[Opening DATA SECTION section]

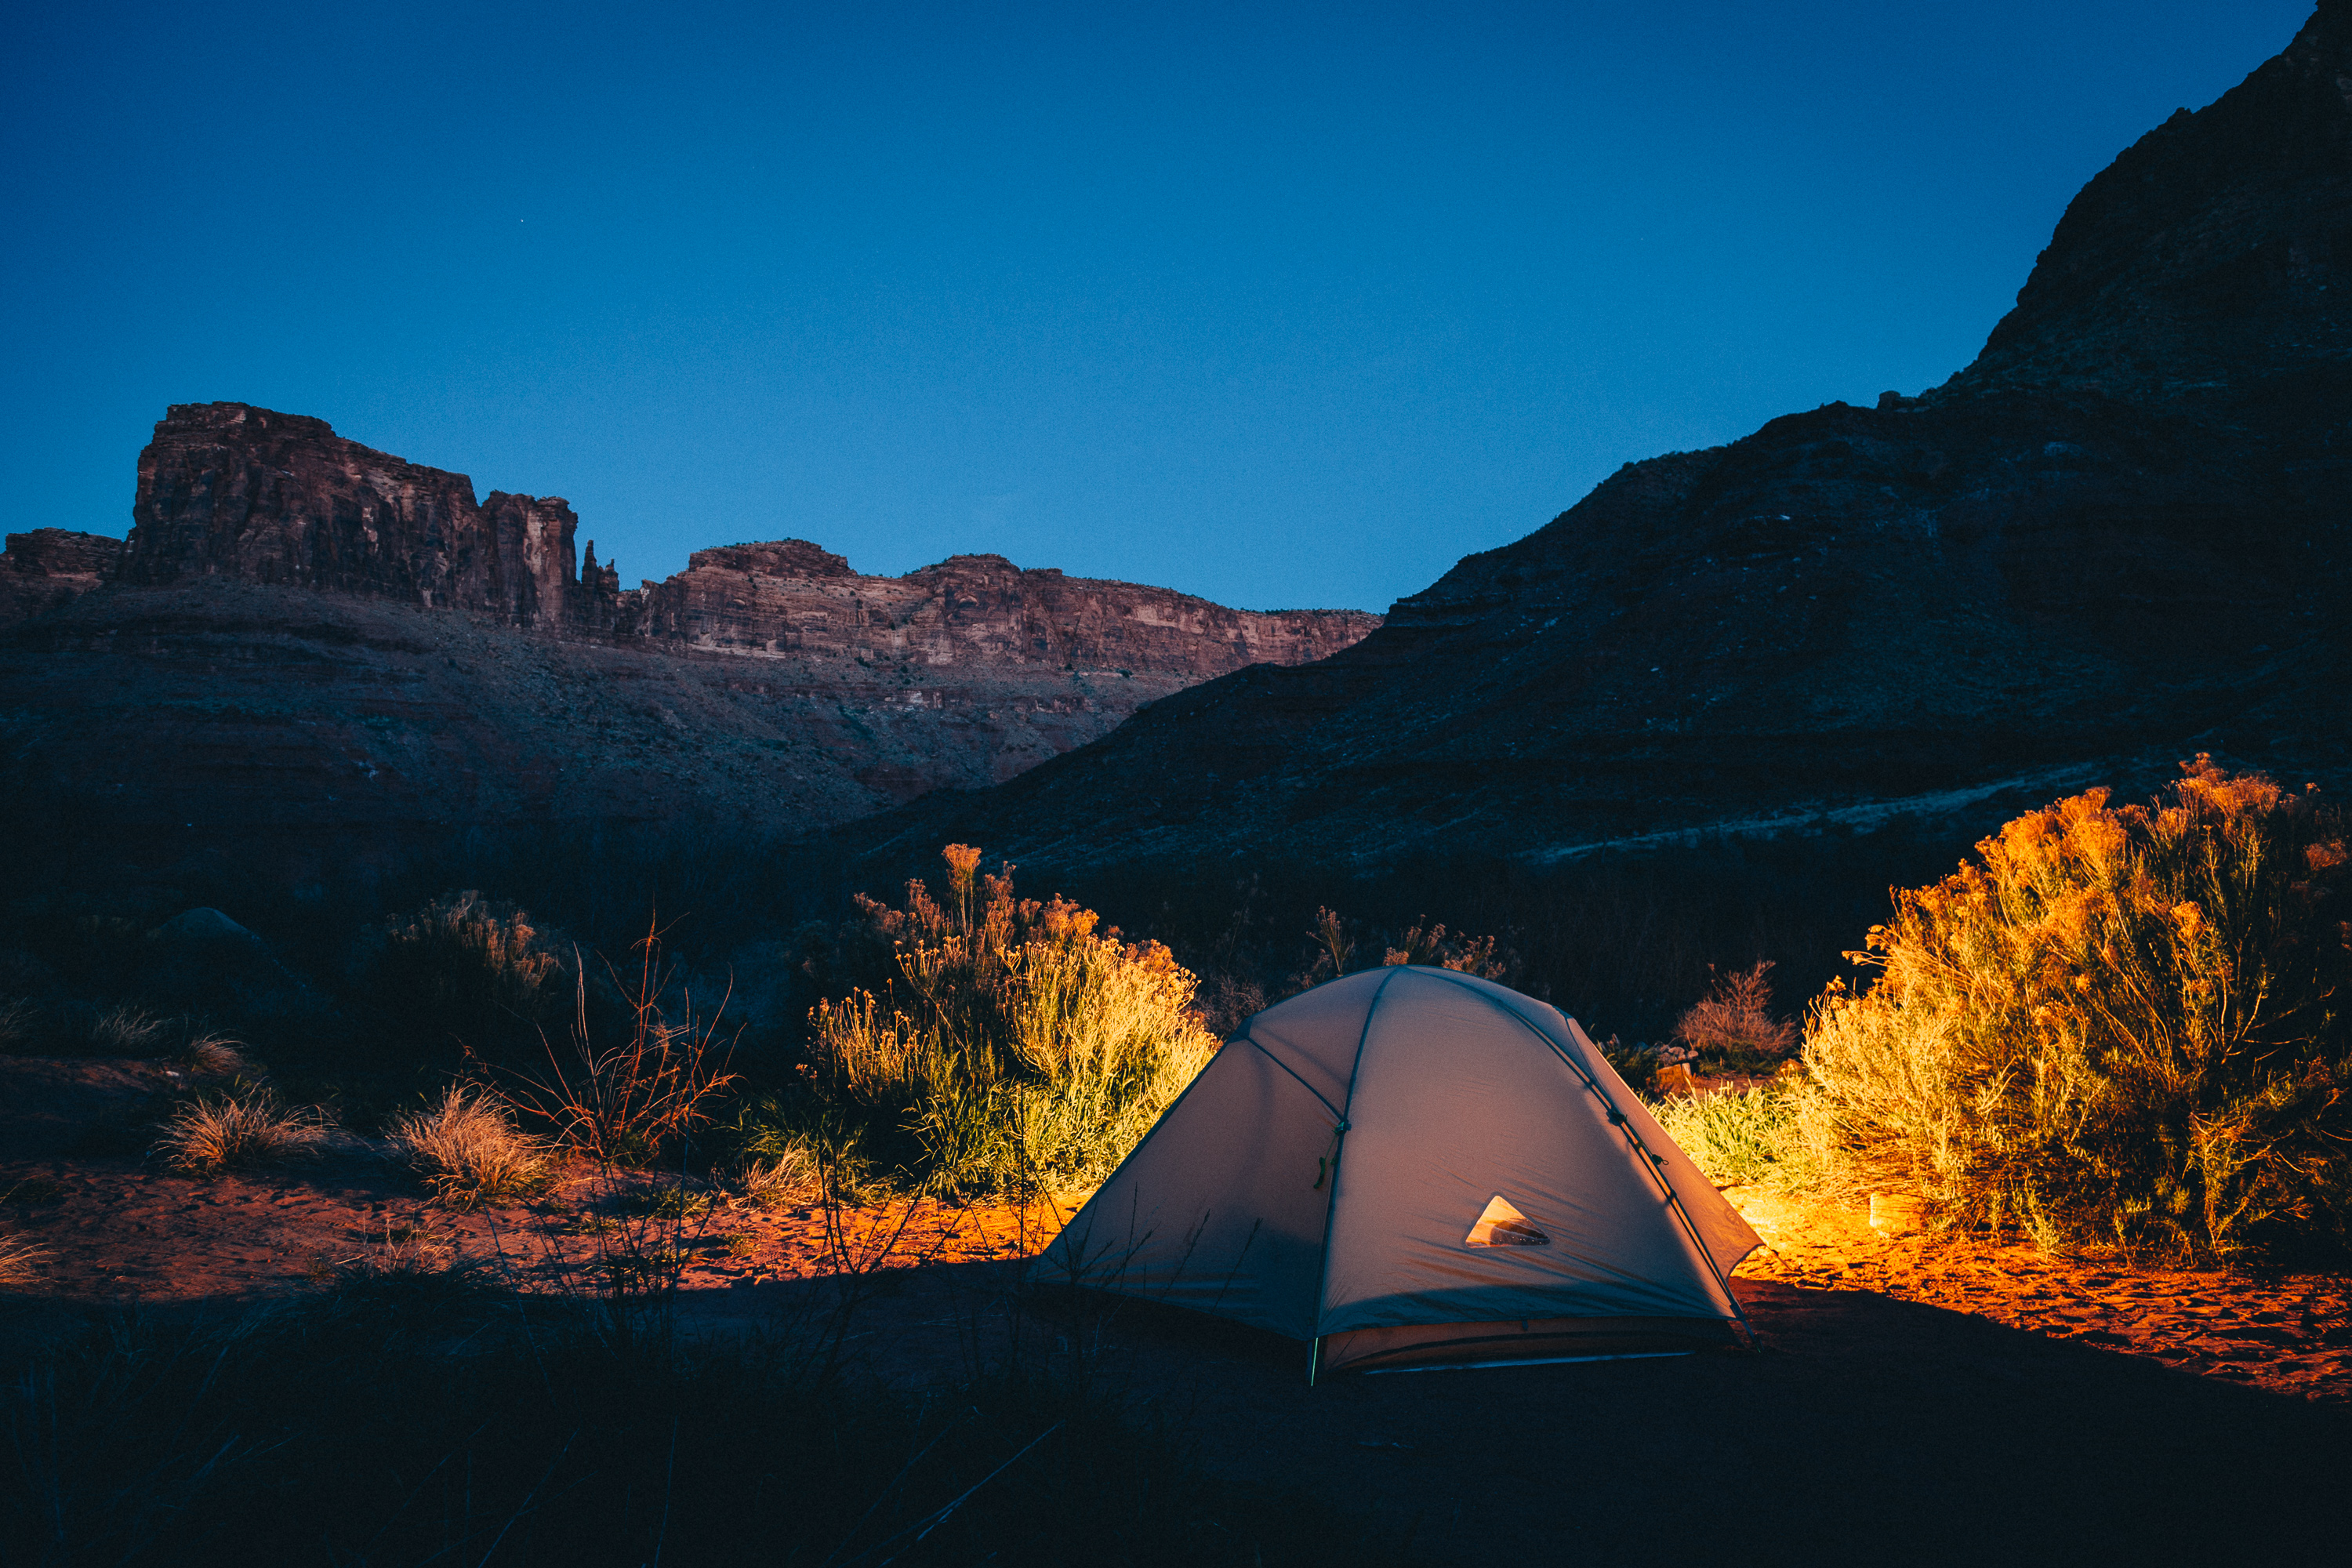 Ein Zelt wird nachts in der freien Natur erleuchtet - wahrscheinlich mit einem Akkustrahler.
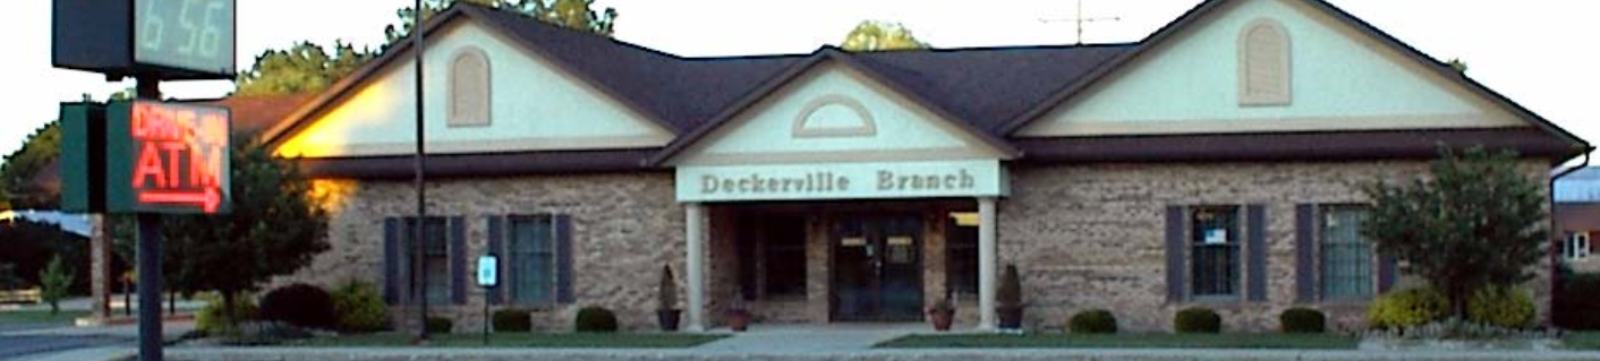 Deckerville branch
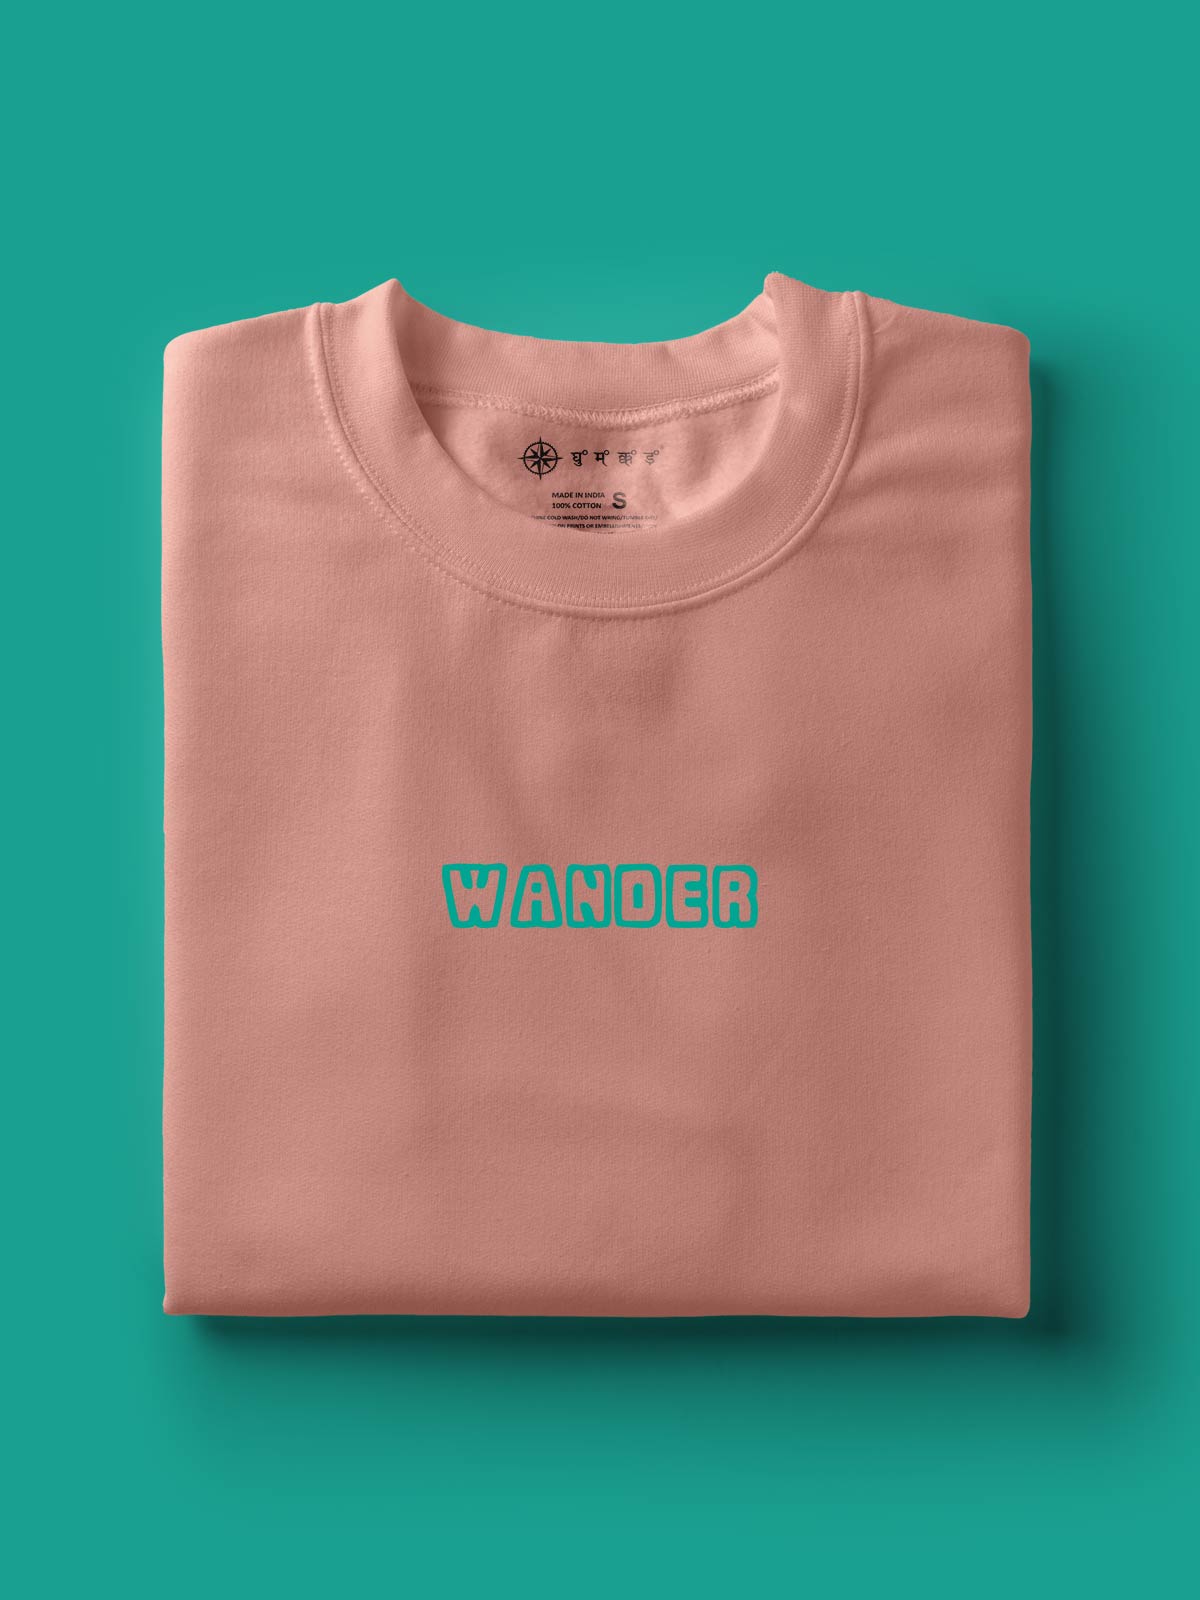 Wander-backprint-t-shirt-for-men by Ghumakkad

[Closing DATA SECTION section]

=== TRY IT ===
The answer should match the material exactly, with every picture removed.

=== WRITTEN ANSWER ===
 Ein Zelt wird nachts in der freien Natur erleuchtet - wahrscheinlich mit einem Akkustrahler.
 Deckerville branch
 Wander-backprint-t-shirt-for-men by Ghumakkad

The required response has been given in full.